It's very hard work, there's no denying that, but also very rewarding and makes a huge difference to your life in Spain if you can communicate effectively with people around you, so do stick at it. It also required quite a significant financial investment, but an investment is what I saw it as.


----------



## Townfanjon (Jan 2, 2016)

If only they all knew the significance of UTT lol


----------



## Townfanjon (Jan 2, 2016)

Hepa said:


> Night out with the non English speaking locals, adequate beverages and lots of laughter.. UTT !!

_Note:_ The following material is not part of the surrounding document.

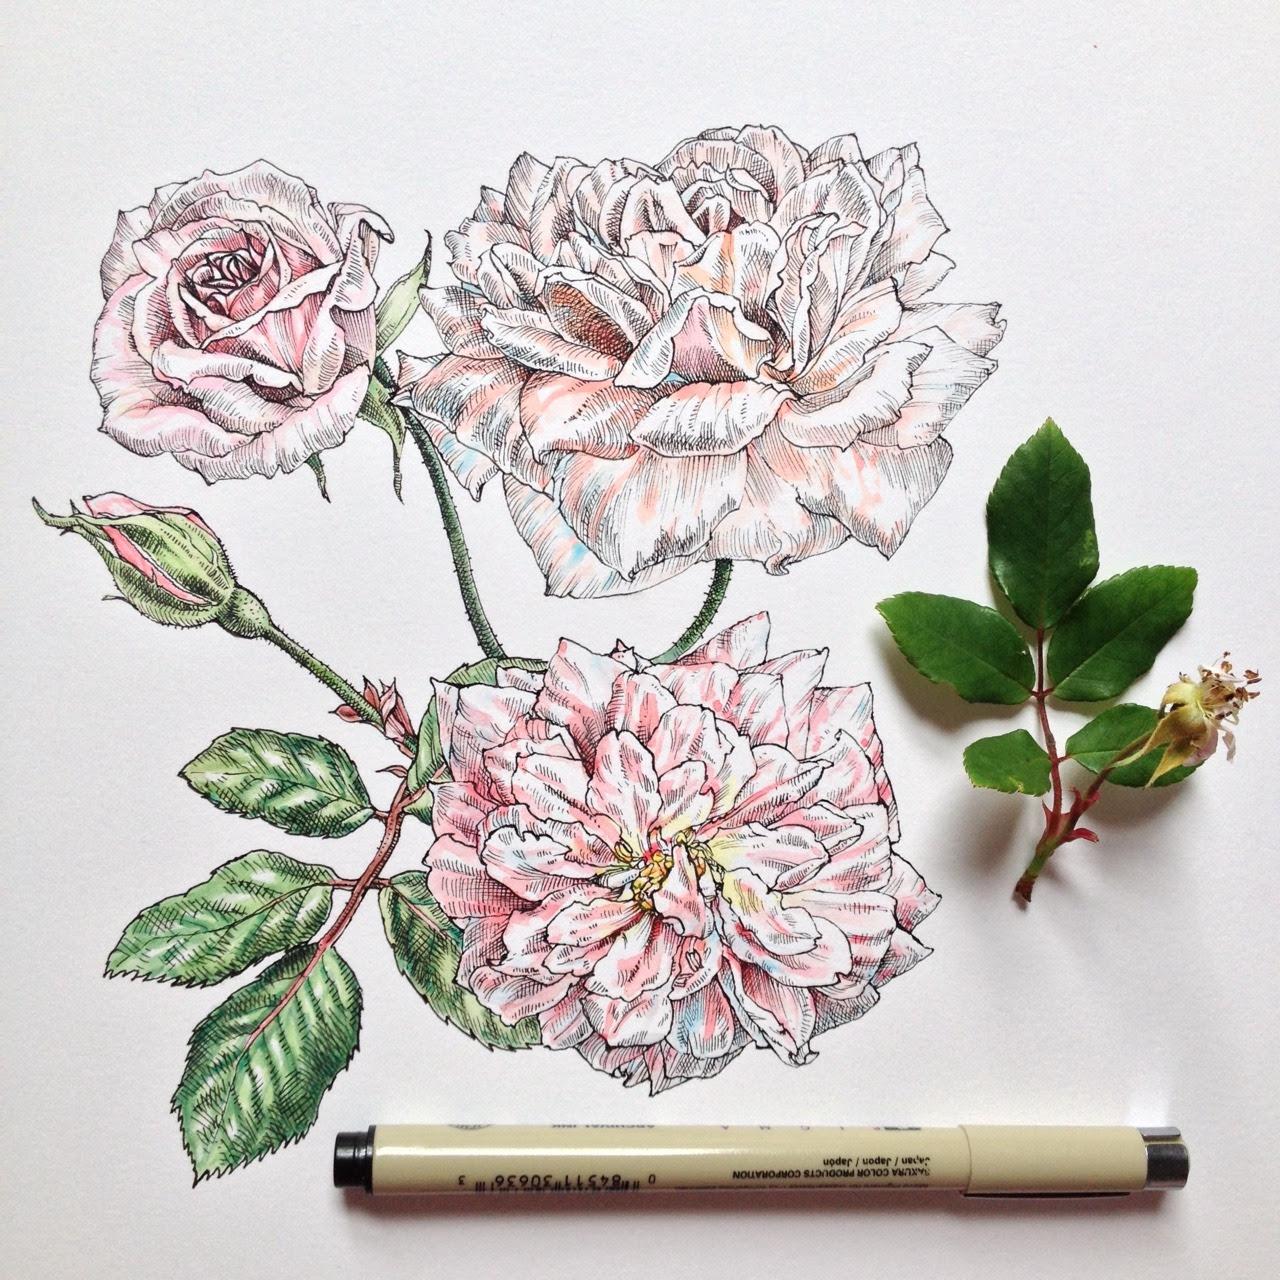 Dibujos De Flores A Color Tumblr Imagesacolorier Website

If only the rest of the forum knew the significance of the letters UTT lol lol


----------



## Townfanjon (Jan 2, 2016)

Thanks to all for your replys, I dont post much on here, to those of you who dont know we are looking for a holiday home in spain and possibly to move over permanently. I just feel we should have the basic language skills before we get there. 
We just returned from our first visit/reckie last week, covered a lot and basically, went south from Allicante to Cartenega , Loved it but nothing realy grabbed us , so we are hopefully back in Sept , maybe Cartenega southwards or possibly north . Watch this space lol lol


----------



## PNE Matt (Feb 28, 2016)

UTT- Could be UP THE TOWN !
I presume your are a Udders fan


----------



## Townfanjon (Jan 2, 2016)

Lol , well done pal , correct , how you doing with are old manager ?


----------



## PNE Matt (Feb 28, 2016)

Townfanjon said:


> Lol , well done pal , correct , how you doing with are old manager ?[/QUOT
> 
> Very well indeed. Bit defensive but he has spent very little.
> He is linked to the Villa job at the moment


----------



## PNE Matt (Feb 28, 2016)

Back on track.
I attended adult courses on Saturday mornings and used the bbc website, again talking to people is the best way.
I am in a similar situation to you, looking for a Holiday home with future plans to relocate.


----------



## Milanesa (Jun 1, 2014)

Mondly app is good, and immersion, just keep practising, listening and speaking. And maybe some conversational group classes?


----------



## Maureen47 (Mar 27, 2014)

I went to night classes in the UK for 12 months before we moved , it helped with basics but wasn't great. I think I have every set of CD'S from Michel Thomas to Rosetta Stone and have learned a lot from them. I also use fun apps and online free stuff. I did a 10 week online course with the University of Salamanca and that was helpful too. Since in Spain from last Nov , I attend classes for 2 hours twice a week and 2 intercambio sessions. I am more comfortable now having a go at speaking. I read and write Spanish far better than I speak it and I am currently reading a John Grisham novel in Spanish , I also have a Spanish magazine each week and a newspaper. I do at least 3-4 hours at home every week. Its coming on and I am really enjoying it but it sure is harder as you get older. I always enjoyed languages and did Latin at school which has helped as has being TEFL qualified for understanding the grammar requirements. A bit of advice I was given was to read, speak etc about something you really enjoy doing , perhaps a hobby or a skill and it will help to improve your Spanish , I do this with gymnastics and reading and it does help , Good Luck and stick with it !


----------



## Townfanjon (Jan 2, 2016)

maureen47 said:


> but it sure is harder as you get older. !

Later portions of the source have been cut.